NEW DELHI: Here is the list of top 10 stocks that could be in focus Friday

HDFC Bank: US-based Rosen Law Firm has filed a class action lawsuit against HDFC Bank for losses suffered by some investors because of alleged false and misleading statements by the lender. The case concerns reports that HDFC Bank car loan customers were forced to buy vehicle tracking devices from 2015 to 2019.

State Bank of India: The Supreme Court on Thursday dismissed a petition filed by the State Bank of India (SBI) seeking to lift a stay on initiating personal bankruptcy proceedings against Anil Ambani, chairman of Reliance Group. An apex court bench, however, gave SBI liberty to seek a modification of the stay order passed by the high court.

Auto stocks: Automakers should cut royalty payouts to foreign parents and boost efficiency to reduce vehicle prices instead of asking the government to lower taxes, a senior finance ministry official said, ruling out tax breaks for the companies to ride out the coronavirus crisis and the economic slowdown that has crimped demand.

Telcos: The adjusted gross revenue (AGR) of the telecom service sector rose almost 10% on a sequential basis during the March quarter, according to data from Trai, which also pointed to improved realisations from customers driven by tariff hikes.

Tata group companies: Shapoorji Pallonji (SP) Group has slapped a notice on Tata Sons Ltd’s board, seeking unspecified damages for blocking the group’s plan to raise funds by pledging its shares in the Tata group holding company. It added that Tata Sons has created panic among its lenders and financial institutions and caused damage to the SP group.

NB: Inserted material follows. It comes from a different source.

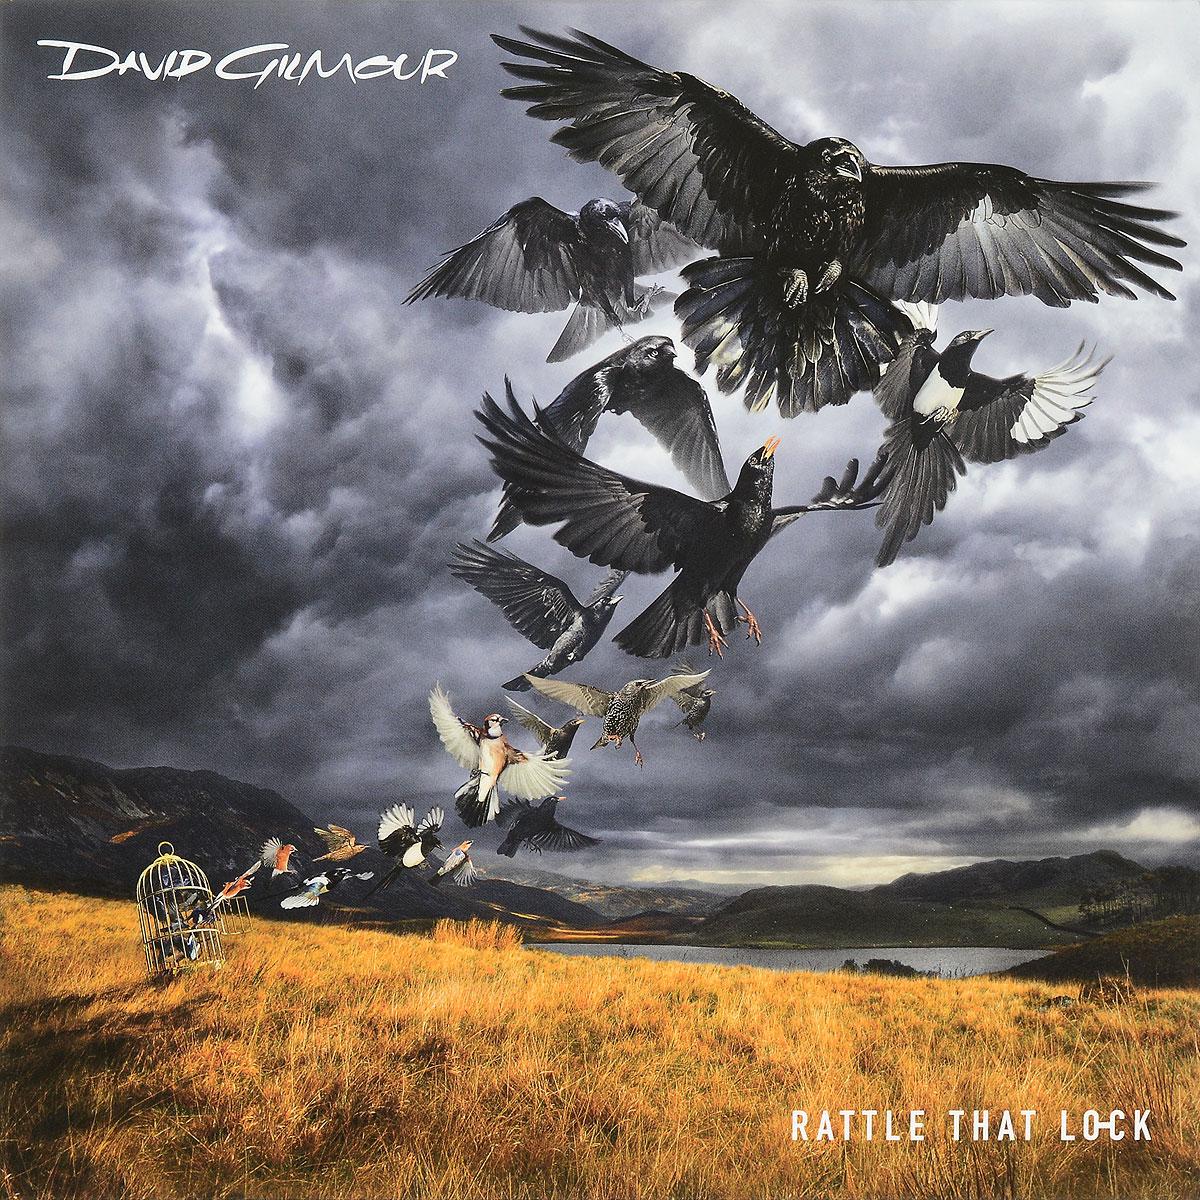 Дэвид Гилмор David Gilmour. Rattle That Lock (LP) cd диск david gilmour rattle that lock 1 cd

Aviation stocks: Many more air passengers are booking return flights now than three months ago, indicating a greater openness for both business and leisure travel, and a likely return to work. The share of return fares has witnessed a marked increase in overall air travel bookings.

Insurance stocks: India’s insurance regulator plans to prescribe risk-based solvency requirements and greater equity capital to ensure insurers have sufficient capital adequacy to withstand socioeconomic shocks such as the coronavirus pandemic. The regulator also wants insurers to improve the persistency ratio and introduce new products.

Happiest Minds Technology: Shares of the company more than doubled at their debut on Thursday, highlighting a resurgent equities market and increasing demand for software services firms during the coronavirus pandemic. Shares listed at 350, a whopping premium of 110.84% over its issue price of 166 per share. They hit a high of 394.95 apiece on the NSE before closing at 370.95.

Essel Propack: The world’s biggest alternative asset manager Blackstone is looking to sell a large chunk of its shareholding in packaging firm Essel Propack Ltd through block trades, which could fetch the investor as much as $251 million. Epsilon Bidco Pte. Ltd, a Blackstone entity which owns 75% of Essel Propack, is looking to sell up to 23% stake representing around 72.5 million shares of the company.

Economy: Advance tax collections from top jurisdictions fell around 25% on an average compared to a 40% decline seen in the first quarter (Q1), indicating optimism on earnings of corporate houses as the economy gradually comes out of the lockdown.